Actually, I believe Columbia was a manufacturer. I may very well be wrong about that.


----------



## toroused (Mar 1, 2015)

MTD made the Columbia and the Bolens Artic line was made by Ariens.


----------



## sscotsman (Dec 8, 2010)

Nice find on both of them!
yep, as has already been stated, you have a classic MTD and a classic Ariens, both in rare dress.
(MTD's in the 70's were much better than MTD's today)

Not sure of the age on the MTD, I would guess probably late 70's into the mid 80's.

The Bolens is an Ariens 10,000 series from 1965 to 1972.
here is more info:

http://1stclass.mylargescale.com/Scottychaos/ariens/Page11.html#question3
(scroll down past the Cub and Deere sections)

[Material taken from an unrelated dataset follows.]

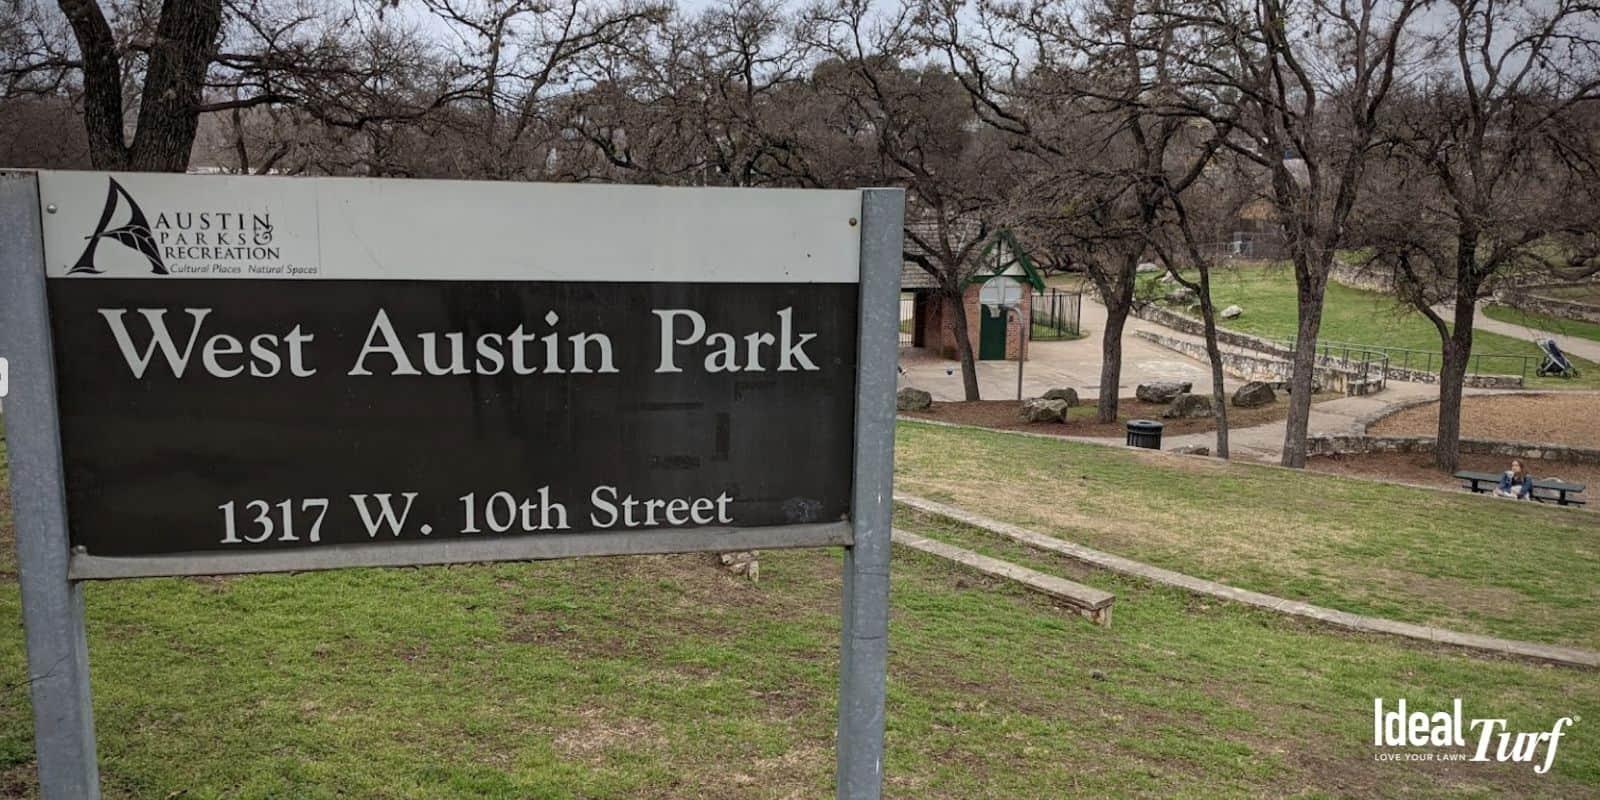 10. West Austin Park

and the 10,000 series overall:
http://1stclass.mylargescale.com/Scottychaos/ariens/Page5.html

Both have Tecumseh engines, most likely original on both..post all the numbers you can find on the Tecumseh engine data tags, the serial number contains a date code.

Scot


----------



## GAR (Nov 7, 2014)

Replaced the belt on the Artic 75 Bolens this morning..(AKA Ariens 10,000 series) This machine operates perfectly. This is my first vintage Ariens I have gotten, I have to say I am very impressed with the build of it. The auger engagement system is really cool, if I had hair the force of the air coming from the shoot would blow it back....Very impressed with this machine, I think I am going to just use it as is this winter and restore it next summer...this machine is a keeper, will be adding to my fleet of vintage machines..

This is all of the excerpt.